Earlier this summer, as part of a negotiation to increase the federal debt ceiling, Congress pledged to cut the federal deficit by nearly $2 trillion. If these cuts are not made by November, the debt ceiling legislation requires automatic, across the board spending cuts.
In order to avoid these across the board cuts, Congress has been debating smaller and more targeted budget decreases in order to reach that $2 trillion mark.
Lugar and Stutzman’s farm spending bill, named the Rural Economic Farm and Ranch Sustainability and Hunger (or REFRESH) Act, is an effort to achieve these austerity goals. The bill would end direct payments to farmers, end sugar protections, and reduce dairy price supports, which the authors say will account for up to $16 billion in deficit reduction.
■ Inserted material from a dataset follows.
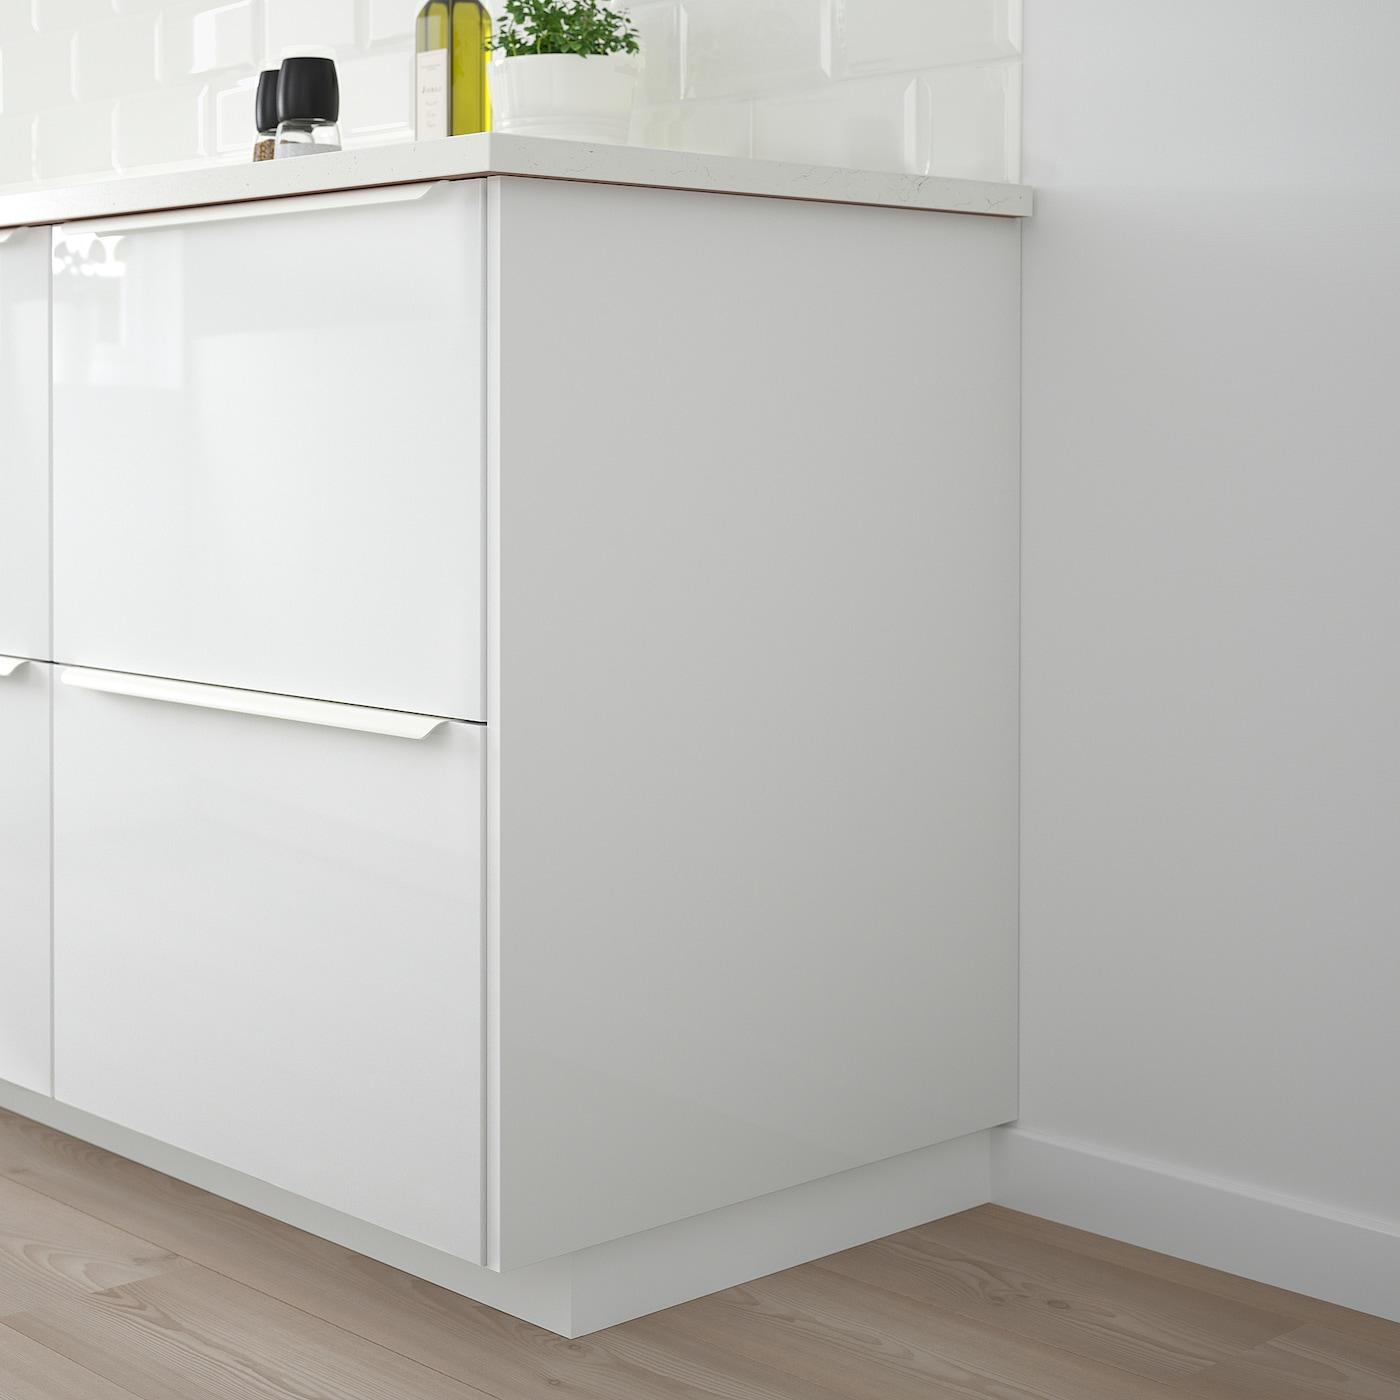 FÖrbÄttra Cover Panel High Gloss White

In addition, the bill would cut spending on farm programs by about 25 percent, would cut conservation programs by up to 18 percent, and would cut nutrition programs by about 3 percent.
These spending cuts, Lugar and Stutzman say, would be offset through revenue insurance underwritten by the U.S. Department of Agriculture.
The bill’s authors hope that the REFRESH Act will be seriously considered by the House and Senate as away to reduce the deficit.